# Faces I Make While I Drum >:O



## Jude (Oct 3, 2010)

Me and my guitarist met up yesterday and we learned Even Flow. We recorded ourselves playing it. After seeing the recording, I realized I make some weird ass faces when I'm concentrating.

I've been playing the drums for a year, and something like the chorus to Even Flow for me takes a shitload of coordination (what with the accents on the bell, keeping time with hi-hat, hitting the crashes, etc). I have to stare at the bell of my ride to make sure I don't miss it.

I can do it nearly perfectly, but honestly, I look like a robot when playing. A robot that makes weird ass faces.

[video=youtube;jZFKecOF-Tk]http://www.youtube.com/watch?v=jZFKecOF-Tk[/video]

Also, I know, we were playing 30 clicks faster than the original tempo. That was on purpose. We're slowing it down once we add a singer.

How do I overcome this?


----------



## xXRadioactiveXx (Oct 3, 2010)

lol u should try loosening up a bit. i tried that and then i played 2 times better. its awesome hehe. but yeah...try it... :3


----------



## Cam (Oct 3, 2010)

You need to add on your entertainment value

The only time you shouldnt worry about what you look like is when you are recording the music.

When performing you cant only bring on good music, you have to be able to keep a crowd entertained.
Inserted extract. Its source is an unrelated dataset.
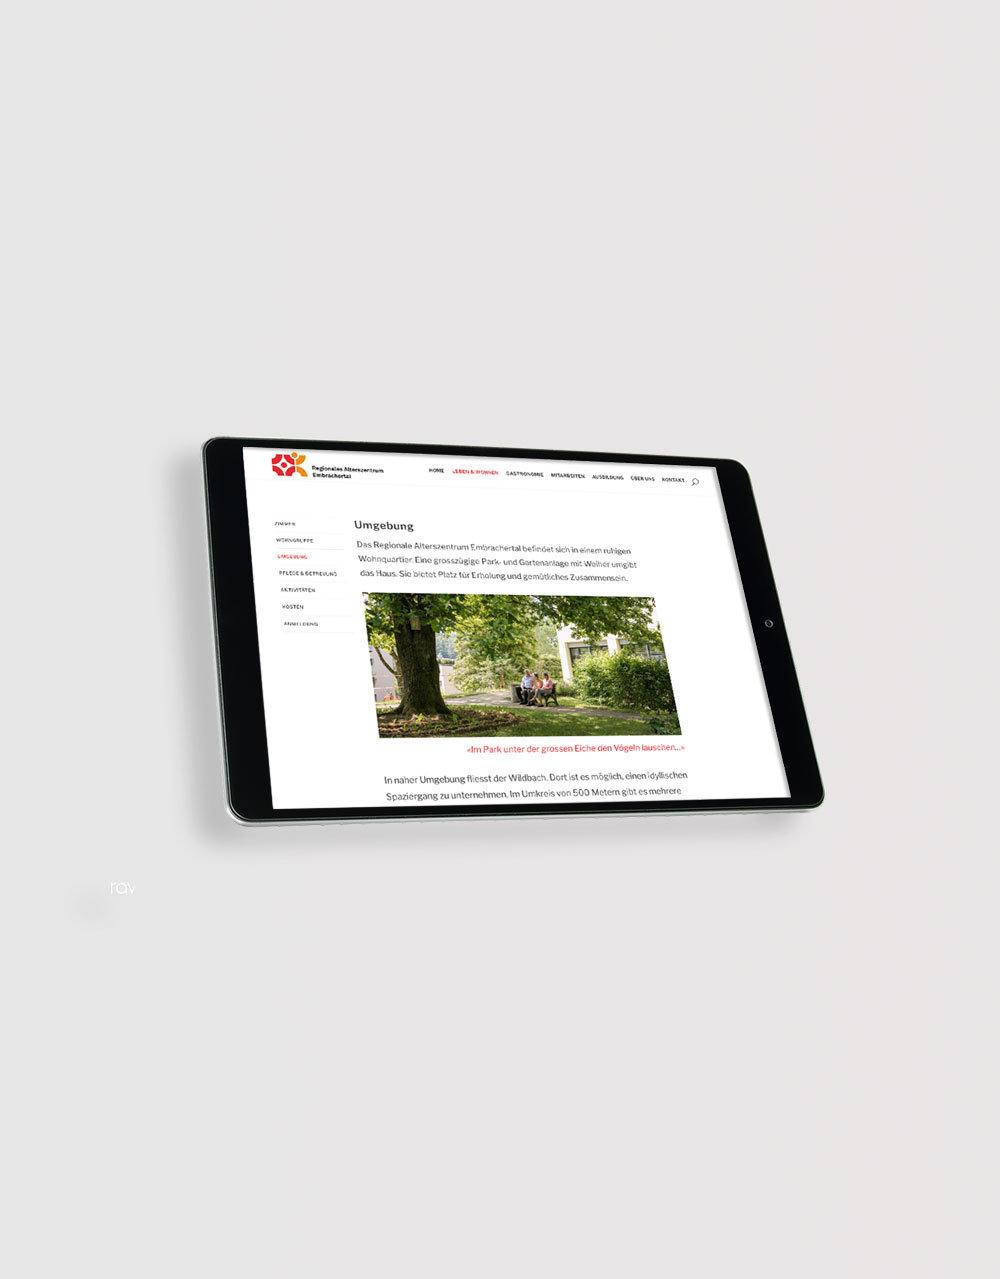 Webdesign, www az-embrachertal.ch, Layout, Konzept, Realisation, Vorschau

Being a drummer theres really not much you can care about looking like other than looking like you play the drums pretty damn well.

So I would start off by learning the song by heart, then once you can play the song very easily, start shaping up how you look while playing, because you will worry more about that then concentrating on the song because you will be able to play it fluently


----------



## Jude (Oct 3, 2010)

Yeah, thanks. I was actually pretty loosened up at first, then I added that damn bell accent in.


----------